Again, the expectation is that providers will not just act reasonably but they will only ask students for evidence of a disability where it is necessary to do so. This is a reflection of EHRC guidance, recommendations of the OfS Disabled Students’ Commission and the Bristol v Abrahart judgement.
Finally, UKRI is removing restrictions on students moving between full or part-time modes of study. Their view is that providers are better placed to advise on student modes of study, and they may offer additional funding if they wish.
There are other important measures within here which deserve consideration. Grant funding will include an individual risk assessment when a student is pregnant, breastfeeding or has given birth in the last six months. There is not strong evidence that PGR students are disadvantaged when joining a trade union. And there are still a whole range of challenges in getting support for international students due to the interplay between visa regulations and PGR study.

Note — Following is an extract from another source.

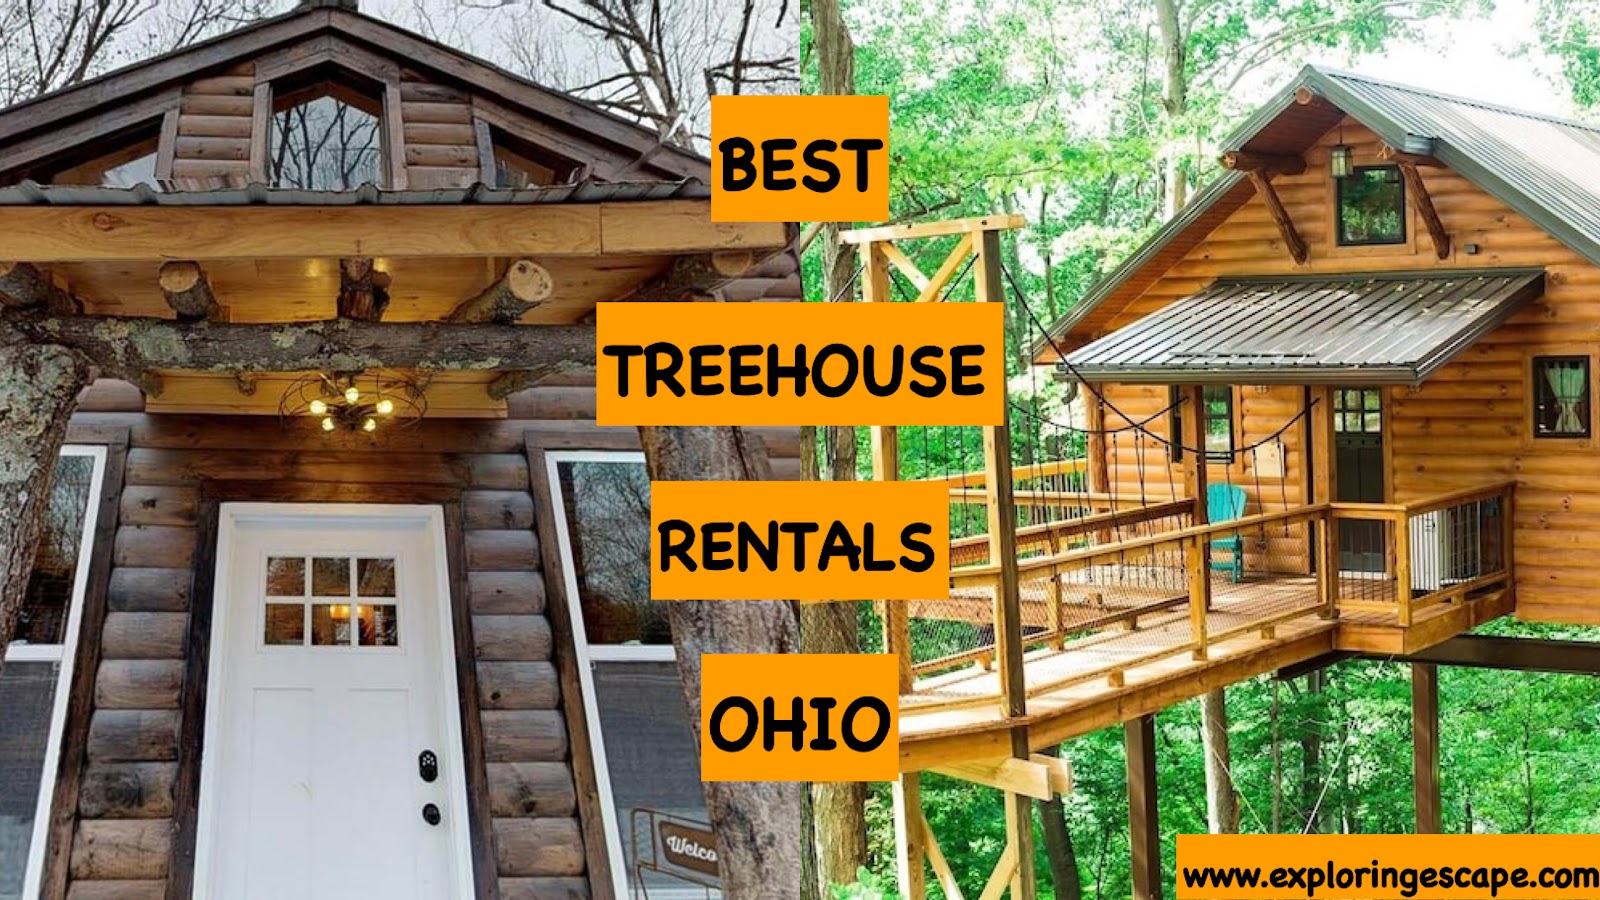 Treehouse Rentals in Ohio

In total this feels like the kind of policy change that the sector has been calling for. It is not the kind of public argument, back and forth debate, that has been seen on other culture measures like updating the REF. Instead, it is a considered series of changes to the actual conditions of PGR students that will put more money in their pockets while allowing greater flexibility around: leave, illness, support for disabled students, and mode of study. It is not perfect and the wider pressures PGR students will feel are still acute, but it is a big step forward.
UKRI has taken an approach which the sector may recognise as reasonable. They have updated their own conditions based on the evidence presented to them, explained where they have chosen not to, and given greater flexibility to providers to do the things they believe are important.